Bosu squats are a great exercise that not only strengthen the muscles in your legs and lower body, but also help to stabilize the core, thereby preventing back pain and strain. If you have never exercised on a Bosu before, be sure to ask a friend or fellow gym member for assistance. They will be able to spot you while getting on and off this piece of equipment.
About Bosu Squats
Bosu squats are a moderately difficult exercise that strengthens and tones the hamstrings, quadriceps, glutes and core muscles. This exercise should only be performed by people who are comfortable working out on an unstable surface. If you have difficulty maintaining your balance or have motion sickness, you may want to reconsider choosing this exercise for your workout. Finally, this exercise is great if you are interested in weight loss. Increasing the muscle mass in the large muscles described above helps to increase your metabolism, which therefore causes an increase in your calorie burn.

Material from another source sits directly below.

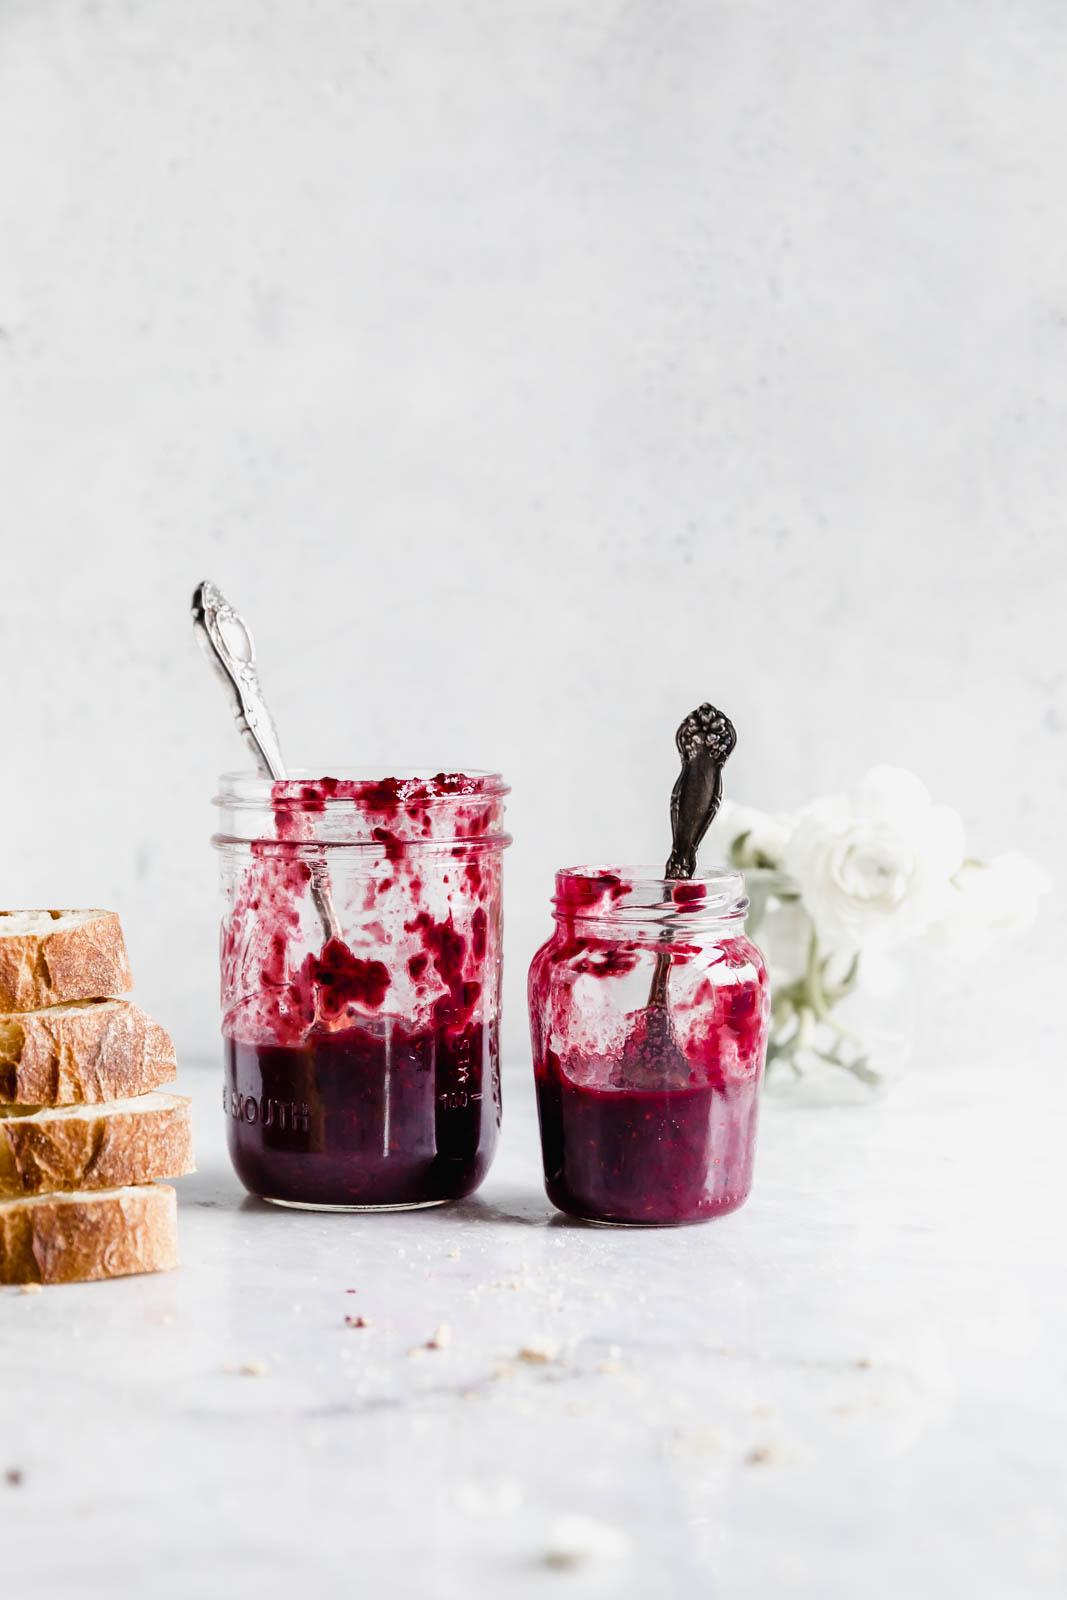 Bumbleberry-Chia-Jam-5.jpg

Positioning Your Body for Bosu Squats
Before performing the Bosu squat, it is important that you are positioned properly. Start by placing a Bosu with the blue side facing up on a spot on the floor that has been cleared. Carefully step onto the Bosu, making sure that your feet are on the outer edge, and that they are facing forward. If this is the first time you have tried standing on a Bosu, you may want to ask a friend or fellow gym member to assist you. Stand up tall, looking straight ahead, with your spine in a straight line from your head to your feet.
Performing Bosu Squats
Now that you are in the right position, you can begin to perform Bosu squats. Start by taking a few deep breaths, and exhale them slowly. As you inhale your next breath, slowly bend your knees and sink your body down towards the ground. Your buttocks should be sticking out behind you, and you should be crouched over. Ideally, your thighs should be parallel to the ground. Exhale your breath, and use the muscles in your lower body to slowly lift yourself back up to the starting position. Do this 10 times, and then take a short break. Perform another 2 sets of 10 repetitions in order to achieve optimal results.
Increasing the Intensity of Bosu Squats
While the Bosu squat is difficult enough for some people on its own, you may eventually begin to notice that the exercise has become easier. At this point, it is important to increase the intensity. One easy way to do this is by holding a set of dumbbells in your hands. Doing this increases the weight that the muscles in your lower body must work against, which gives you a harder workout. Another great way to challenge yourself is by closing your eyes. This forces you to engage the muscles in your core, thereby also increasing the intensity of the exercise.